··· Supplied information ···

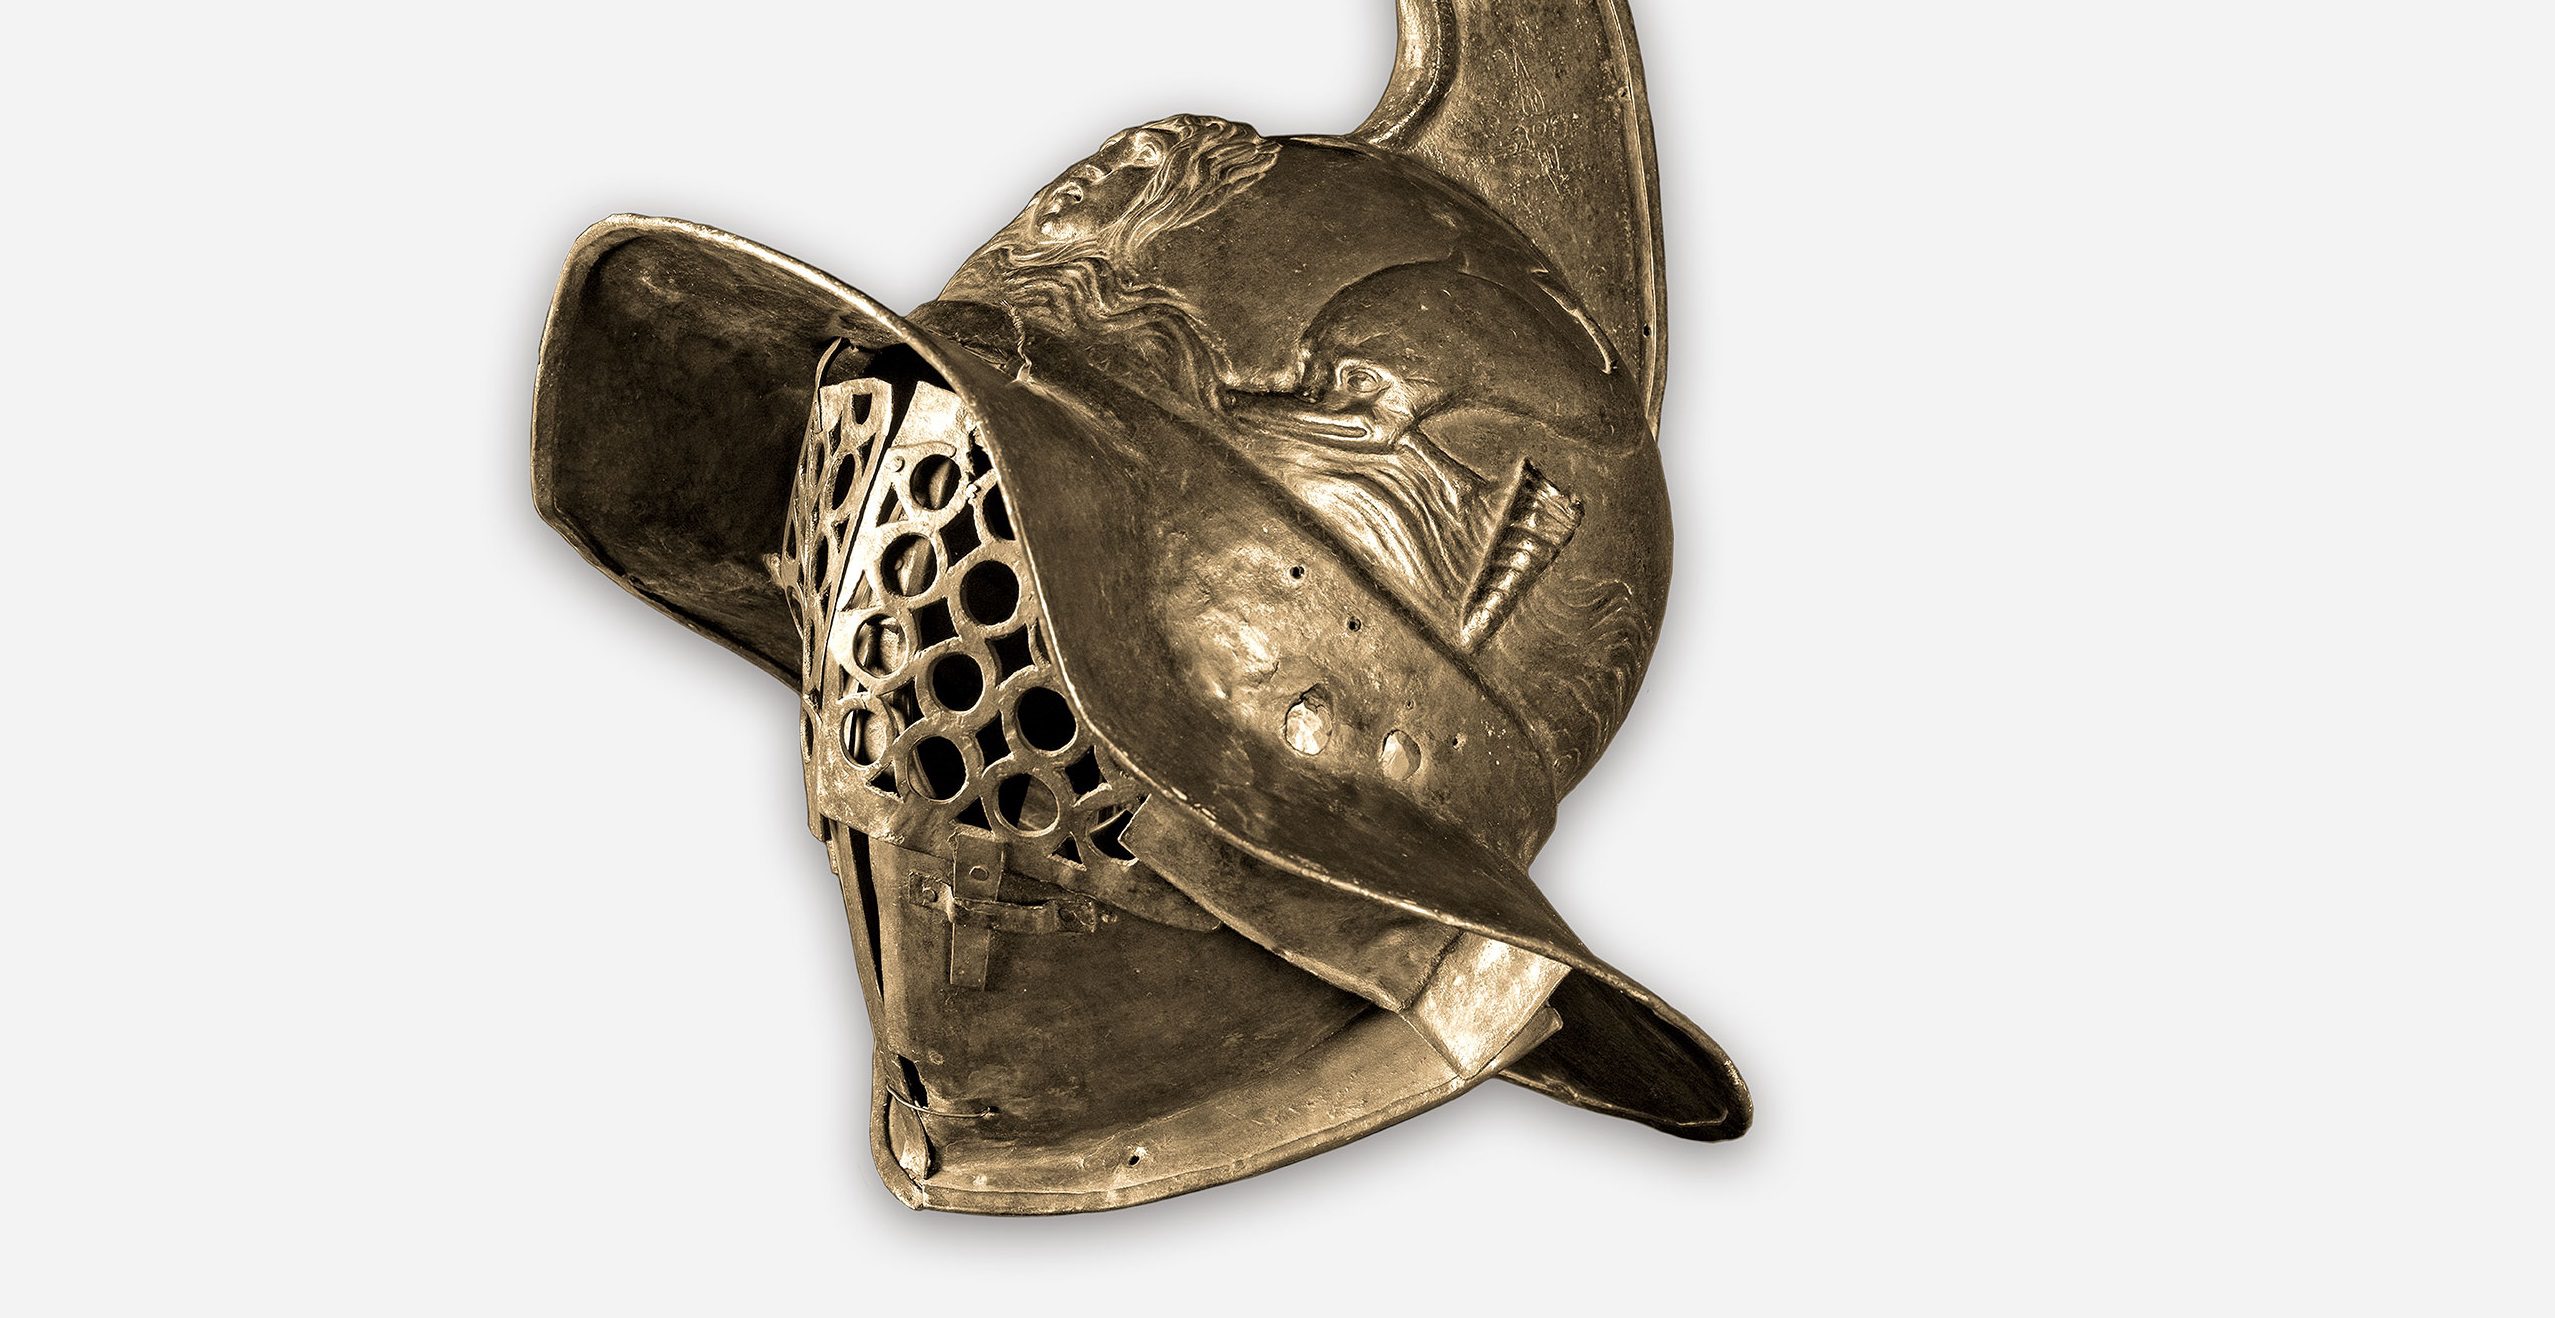 Casco de un Thraex, Pompeya, Cuartel de los gladiadores, 50–79 d.C. Museo Arqueológico Nacional, Nápoles. Este casco perteneció a un thraex, un gladiador armado como los guerreros tracios del sureste de Europa.
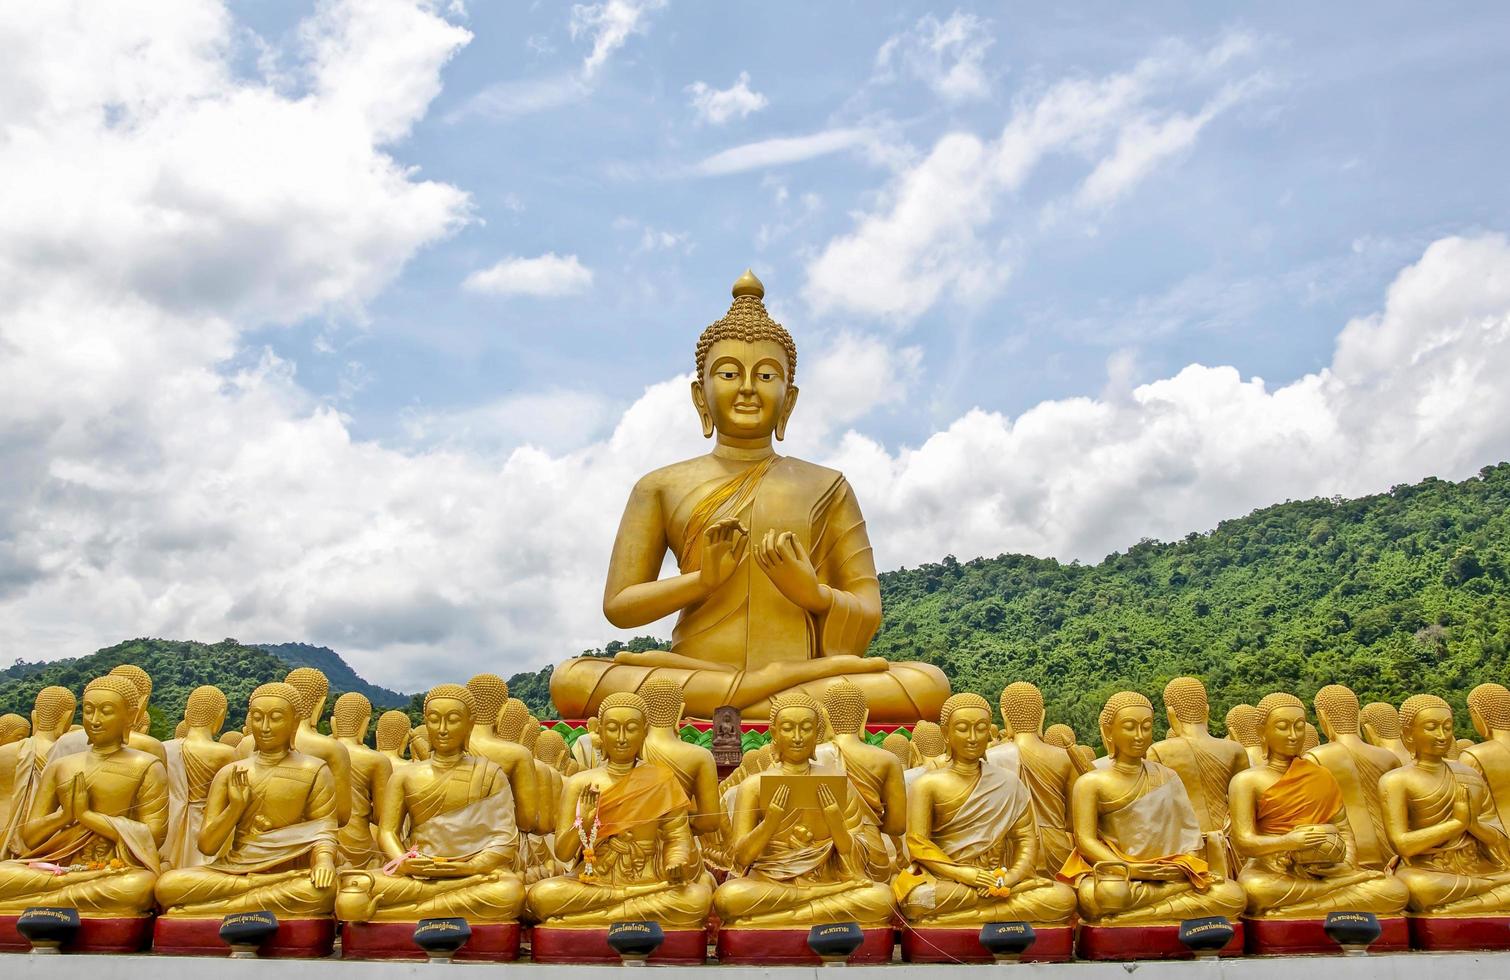 estátua de buda dourada no buddha memorial park, tailândia foto
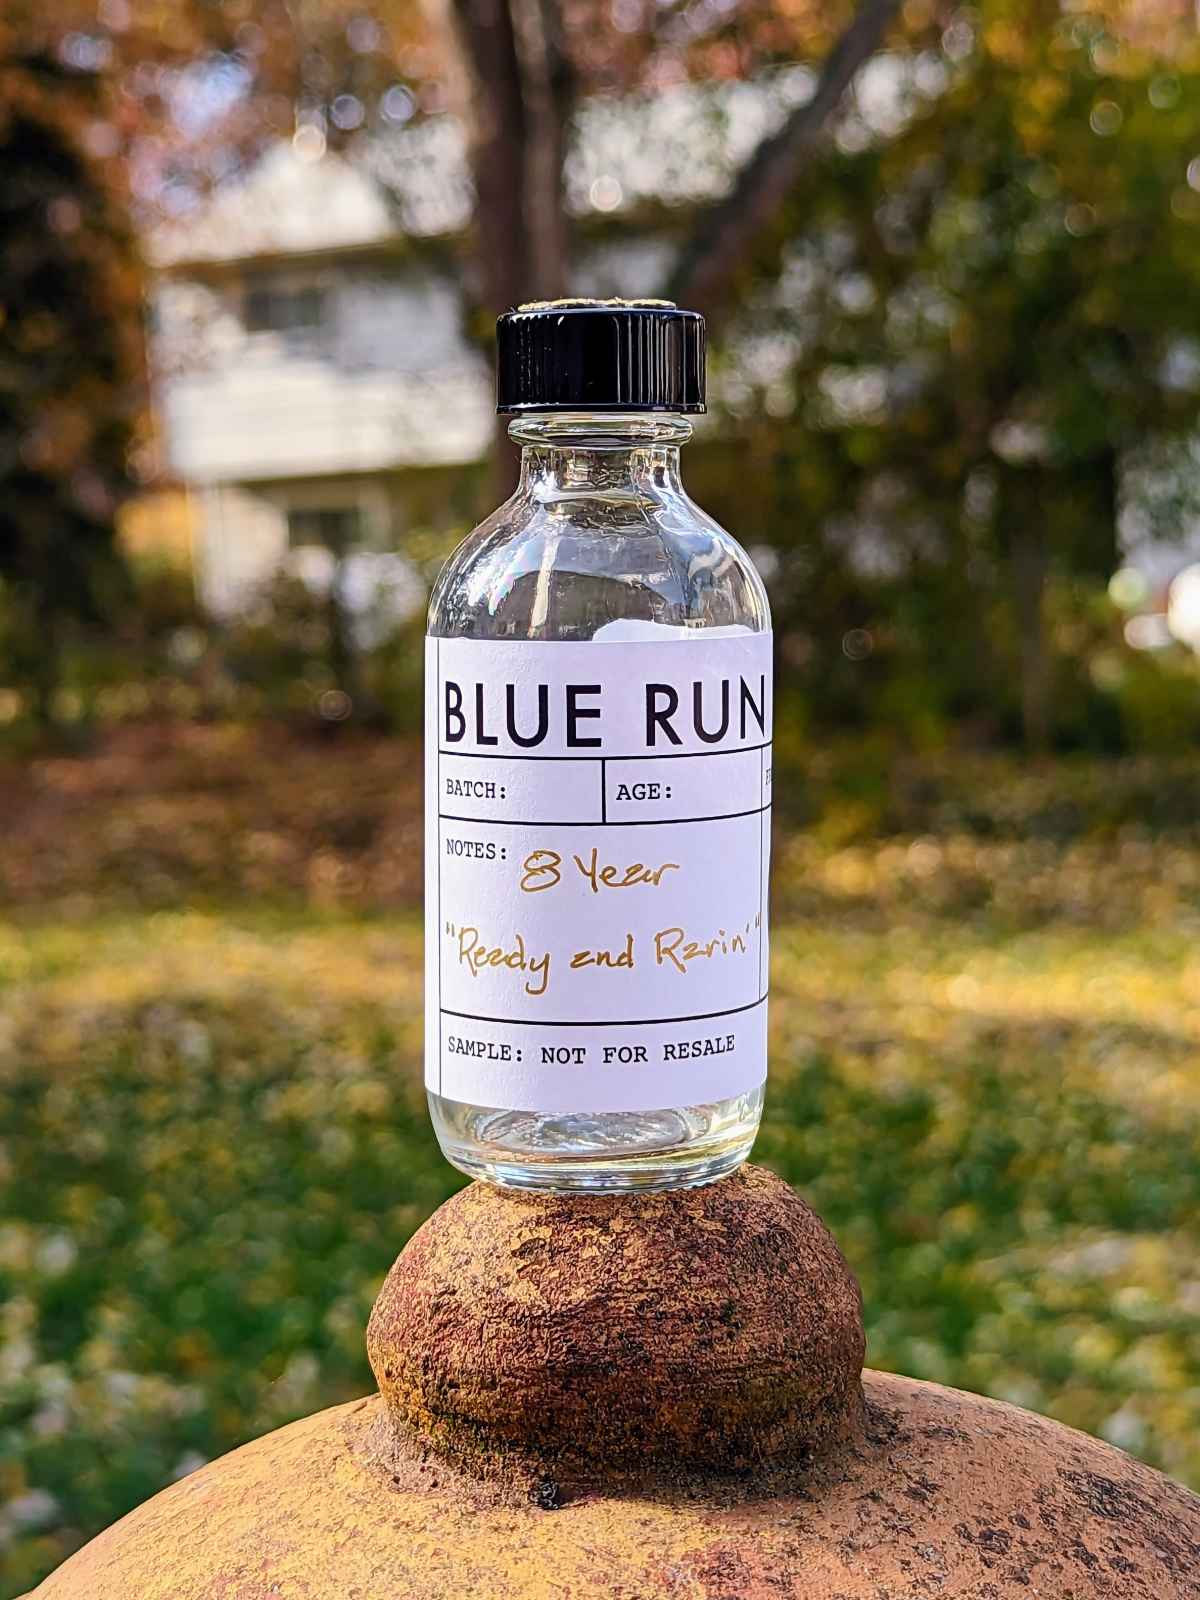 blue run 8 year single barrel ready and rarin featured

···

- [Problem statement]: The answer is to be the lines from the line that contains "estátua de buda" through the last line of the material, retyped exactly, both included, with pictures left out, please.

- [Output of the exercise]:
 estátua de buda dourada no buddha memorial park, tailândia foto
 blue run 8 year single barrel ready and rarin featured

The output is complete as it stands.